First, don’t expect a reduction in interest rate. In fact, your rate will be 1/8 of 1 percent higher than the weighted average rate. Consolidations use a weighted average of existing rates. In most cases waivers of late fees, reversals of penalty rates and other concessions are available. These concessions can save you big bucks and make the student loan consolidation worthwhile for that reason alone. Another obvious advantage of student loan consolidation is convenience; one payment, once per month, to one lender is a blessing. Standard term of repayment is ten years. You can find longer terms but sticking to ten years will save you a great deal of interest expense.
Who can help?
Student loan consolidations are available from the U.S. Department of Education’s Federal Direct Consolidation program. You can, however, consolidate with any lender. As with any business transaction, negotiate the best possible terms and comparison shop. Many lenders have carved out a niche in the student loan consolidation market. So, finding a lender should not be difficult.

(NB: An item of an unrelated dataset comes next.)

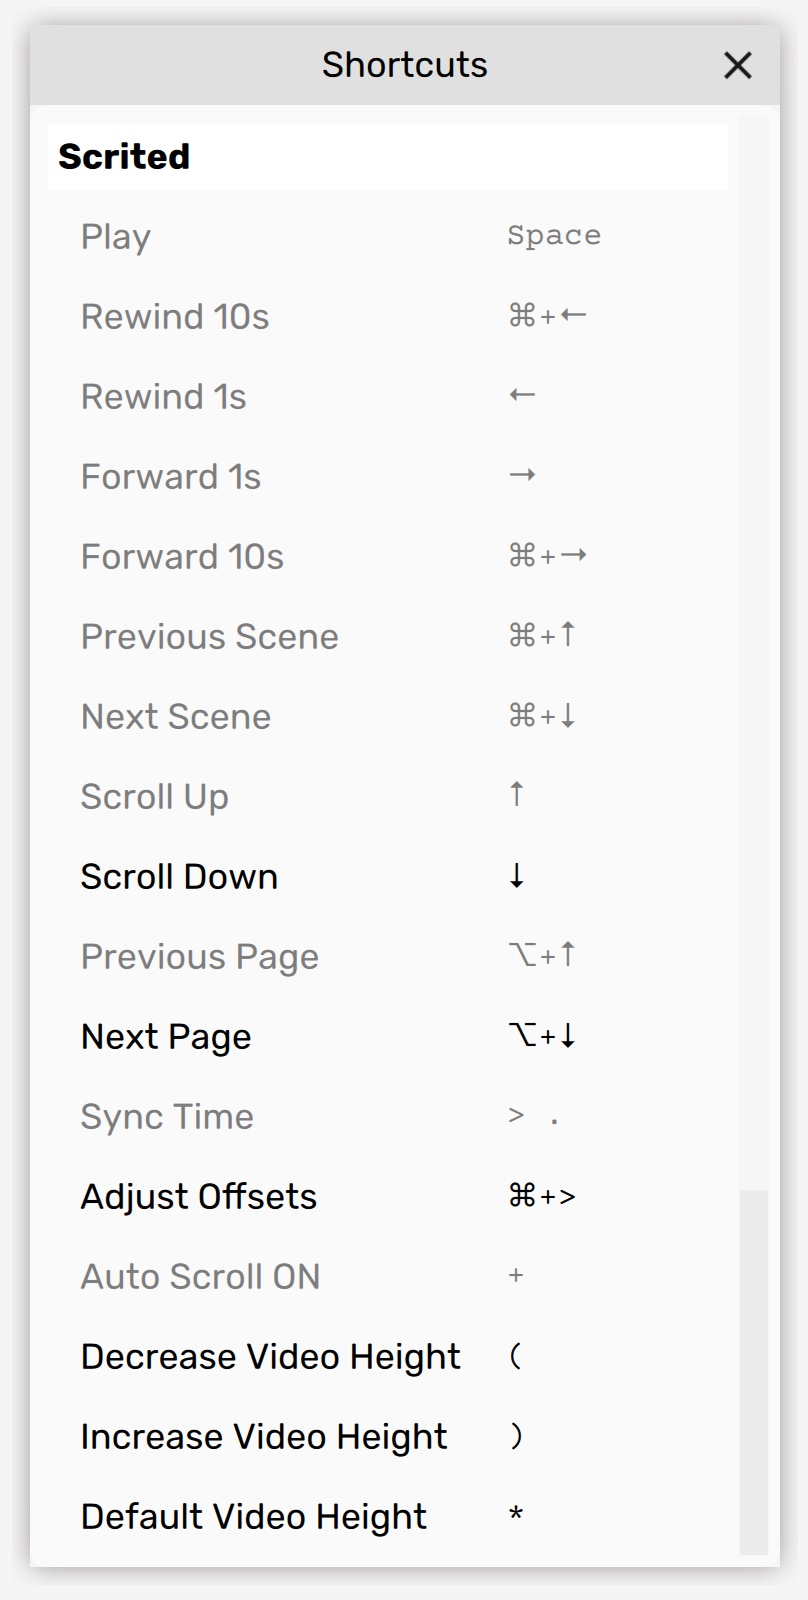 scrited-tab-shortcuts.jpg

If you are unemployed or faced with an illness that has reduced or eliminated your income, there is help in the form of forbearance or deferment. These must be regarded as options of last resort. Why? The interest clock continues to tick. The payment of interest charges are delayed or, but not forgiven. In truly desperate circumstance, it may behoove you to swallow your pride and consider a Chapter 13 bankruptcy. The catch-22 with Chapter 13 is that you must demonstrate a source of repayment to the court. With unemployment being what it is today, that is not always possible.
If you have federal student loans, you can explore the Income-Based Repayment option.
This option allows you to tailor your monthly payments based on your income. The term is 25 years, but if you maintain your agreement, forgiveness of any debt remaining at the end of the term is possible. It is worth considering.
If you work in the public service sector or for a nonprofit organization, you may qualify for the Public Service Loan Forgiveness (PSLF) program. This works along the same lines, but permits forgiveness after only 10 years, assuming you’ve dotted all the i’s and crossed all the t’s. This is a government program, so you should expect nothing less.
I would like to hear some of our reader’s views on the nation’s student loan crisis (in my view it is a crisis). Do you have any experiences or information that might be helpful to those struggling with this problem? If so, please share your thoughts … you could change a life!
(Editors Note (Derek): I can think of other options that are even simpler. How about you?)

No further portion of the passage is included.